Today’s reflection is by Bondings 2.0 contributor Michael Sennett, whose bio can be found by clicking here.
Today’s liturgical readings for the 11th Sunday of Ordinary Time can be found here.
Transitioning to Ordinary Time after liturgical seasons like Easter or Advent usually inspires calmness within me. I relish the anticipation, reflection, joy, and mystery seasons like Lent and Christmas awaken. Ordinary Time, however, brings a period of rest, and because of this stillness, I gravitate toward it. However, after reading today’s gospel, on the first Sunday since before the beginning of Lent, I felt drained—and I am reminded of the importance of caring for one’s self and being cared for by others.
In the gospel passage, Jesus observes that there are too few laborers for God’s harvest and calls his disciples to action. They are granted authority over unclean spirits and sent out to proclaim the Word of the Lord. Jesus instructs them as they depart for their mission: “Cure the sick, raise the dead, cleanse lepers, drive out demons. Without cost you have received; without cost you are to give.”
What a lot of work! Such manifold responsibilities seem overwhelming, and following Christ can be exhausting. As Christians we are asked to give freely our love, our attention, our time, and our treasure. Ministry requires a lot of energy, and burnout is all too common in it.
Queer Catholics are feeling this pressure perhaps now more than ever before. We strive to educate and to advocate, while removing the barriers that prevent us from living authentically. But at what cost? There is much progress to celebrate, but it doesn’t erase the marginalization LGBTQ+ people still experience. In the face of injustice, self-care is crucial.

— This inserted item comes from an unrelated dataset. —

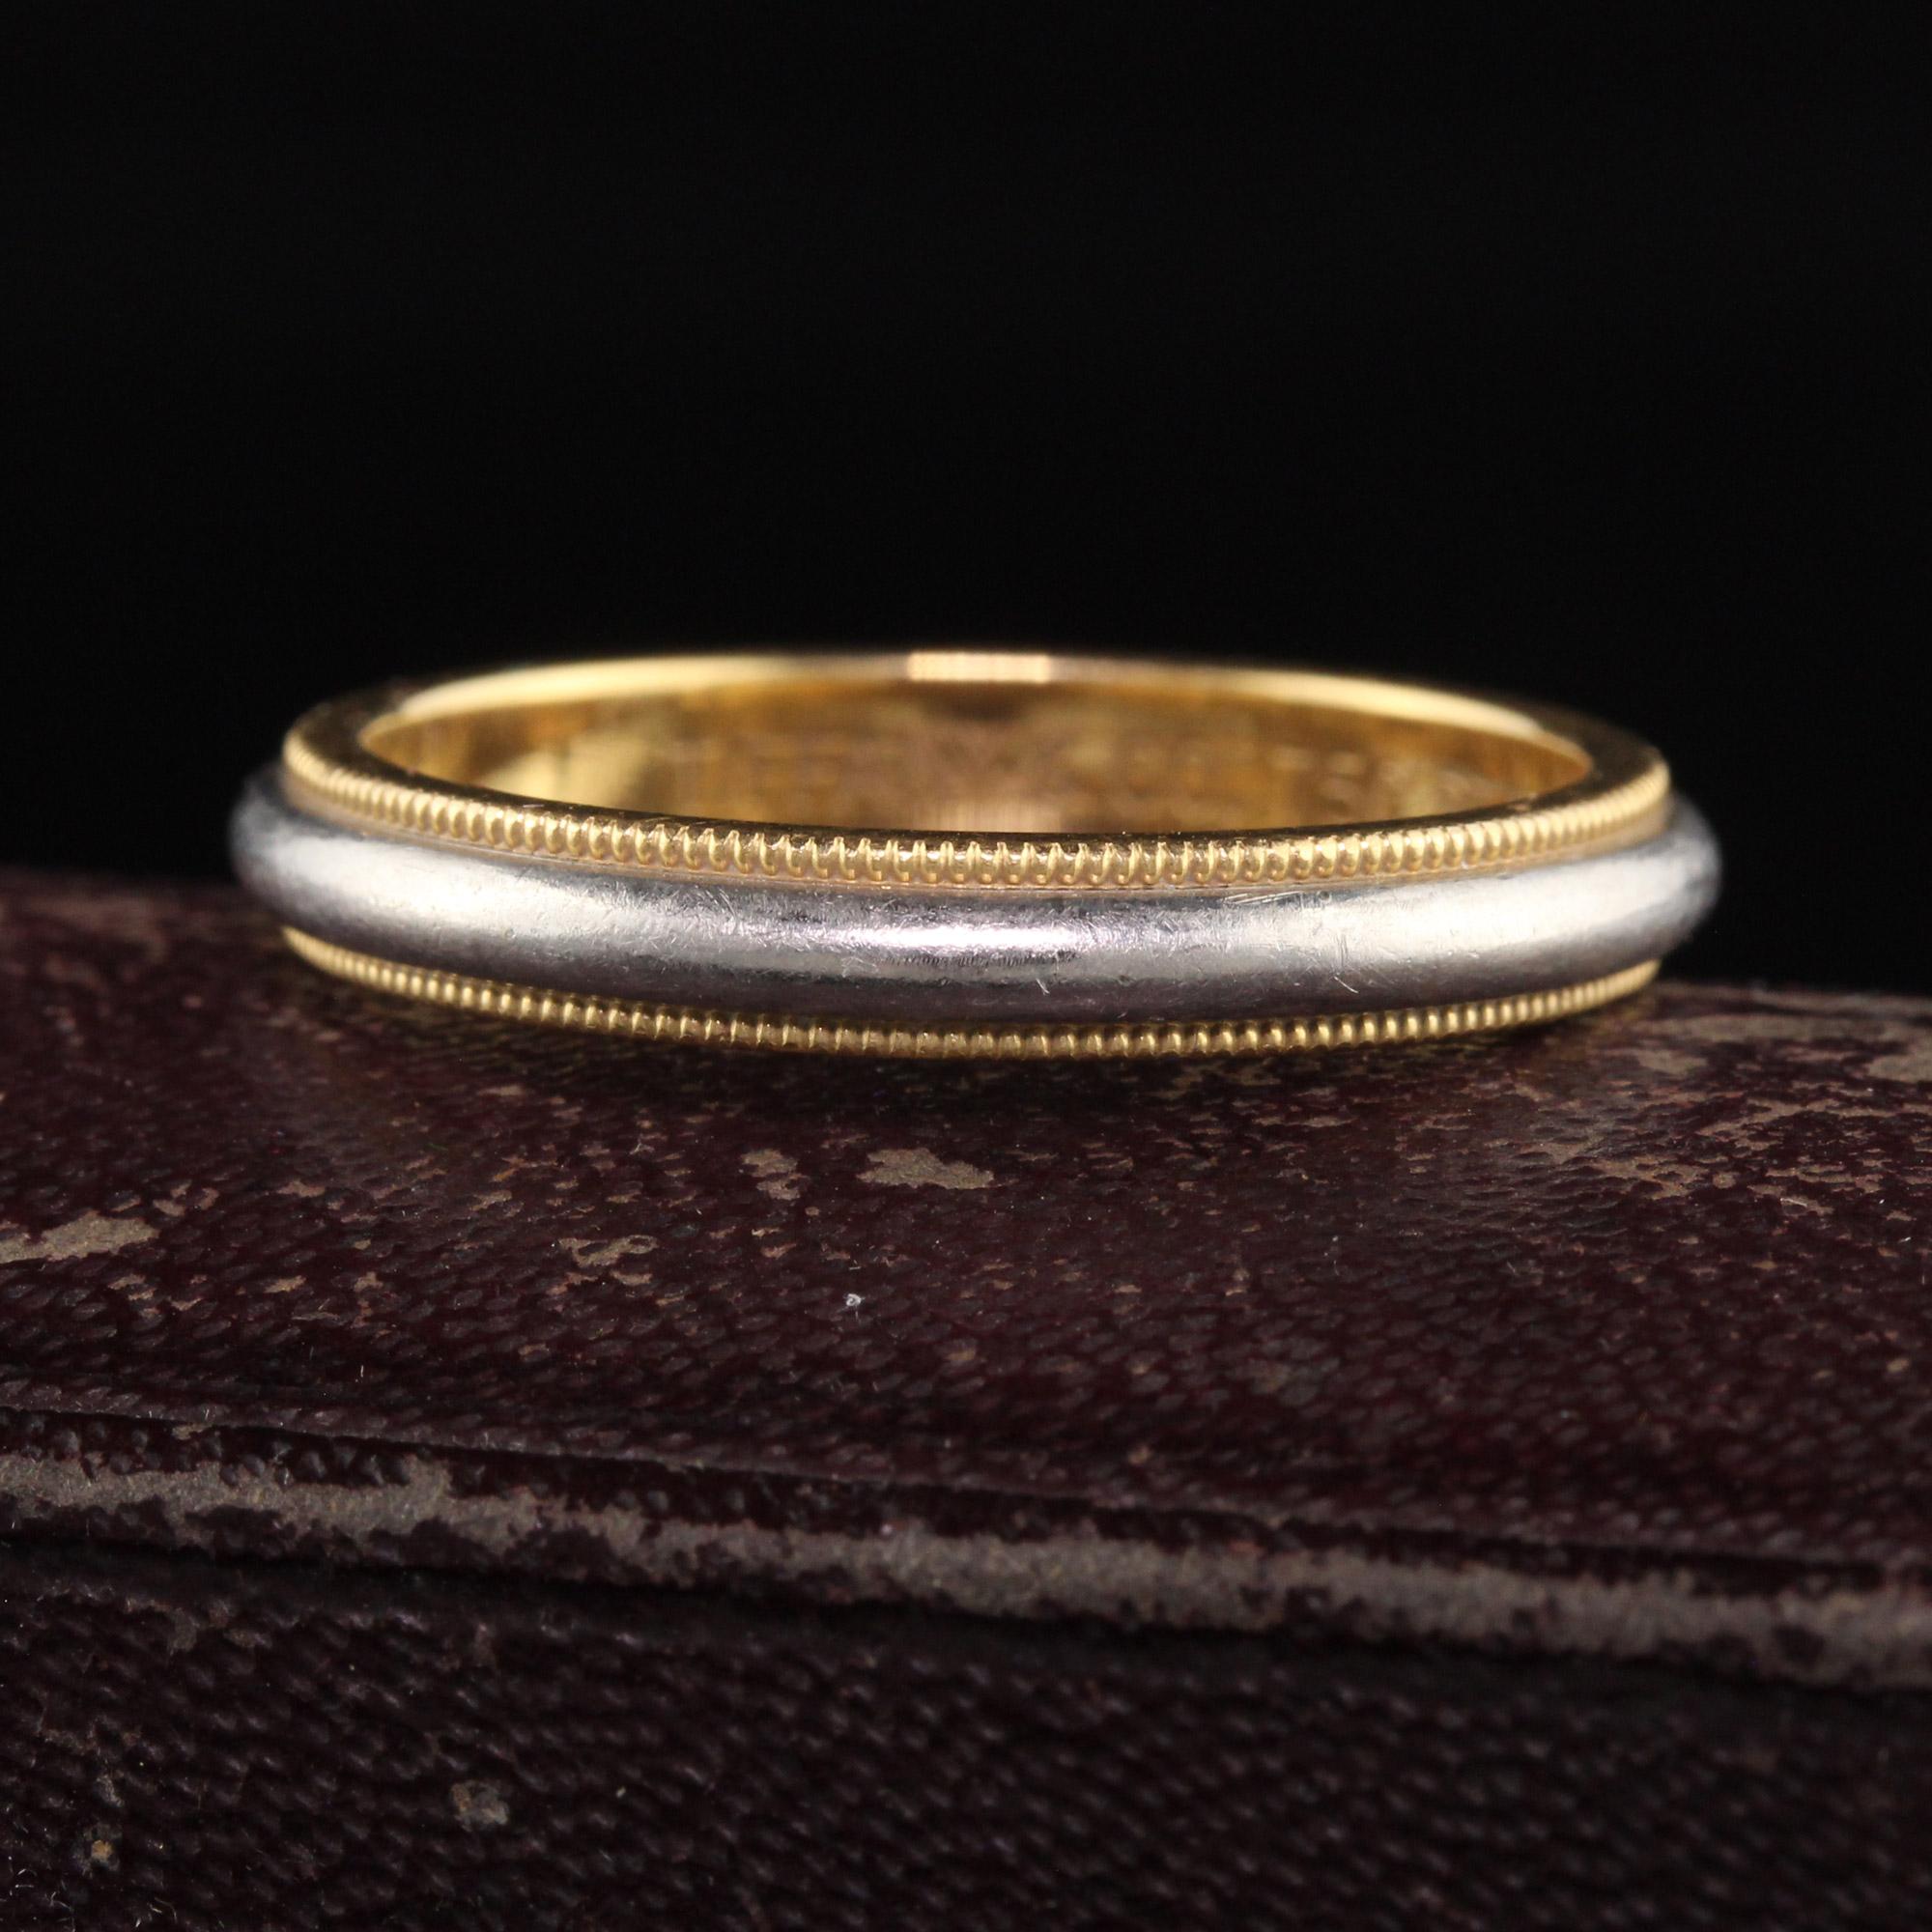 Beautiful Vintage Tiffany and Co 18K Yellow Gold and Platinum Wedding Band. This classic wedding band is crafted in 18k yellow gold and platinum. This classic ring has milgraining around the entire ring and the inside of the band is engraved

Scrolling through my Facebook memories last month, I was greeted with a photo reminding me of my top surgery anniversary. (If you’re not familiar with top surgery, you can learn more about it here.) I couldn’t help but beam looking at my then-newly reconstructed chest. Undergoing this operation was the ultimate act of self-care for myself at the time. The scars evident in the photo do not symbolize pain. The scars embody liberation.
Unfortunately, not all transgender folks seeking medical transition will receive care. Access to gender-affirming care in many states is becoming a hurdle or even an impossibility. State after state is limiting access to hormone replacement therapy, surgery, puberty blockers, and other aspects of transgender health care. Not every trans, nonbinary, or intersex person desires surgery or hormones, but for those who do, obtaining care is becoming a real battle, if possible at all.
Some bishops empower politicians imposing such unjust laws. The U.S Conference of Catholic Bishops’ doctrinal note from last March does exactly this when its Committee on Doctrine conflates gender-affirming care with mutilation. Catholic institutions are now discouraged from providing trans health care under the pretense this is what is best for patients. But that discouragement may become an outright ban as the bishops’ conference voted last week to begin revising its medical guidelines for Catholic hospitals, including on gender transitions. But continuing to restrict or eliminate trans healthcare will only increase the likelihood that trans people turn to self-harm and suicide. Numerous scientific studies confirm this bleak fact.
Since the doctrinal note’s release, multiple theologians, women and men religious, lay Catholics, and allies have pointed out the many flaws in the bishops’ logic. Many LGBTQ+ Catholics and allies proclaimed the simple truth that gender-affirming care is self-care.
As I mentioned, the demands of following Christ are many and taxing, even if ultimately liberating. LGBTQ+ Catholics and allies will continue this work in educating others about gender and advocating for just laws and policies. We must recognize self-care as a necessary step in this work to improve mental and physical health.
We all yearn for self-care, as well as the care of others, in some shape or form, including those of us in the trans community. What does such care mean for Catholic transgender people specifically? We deserve to experience self-care and the care of others on our terms. For trans and nonbinary people, I repeat: gender-affirming care is self-care.
Before Jesus sends us out on mission to care for others, we need to care for ourselves, too. Ordinary Time’s stillness is a perfect moment to do so.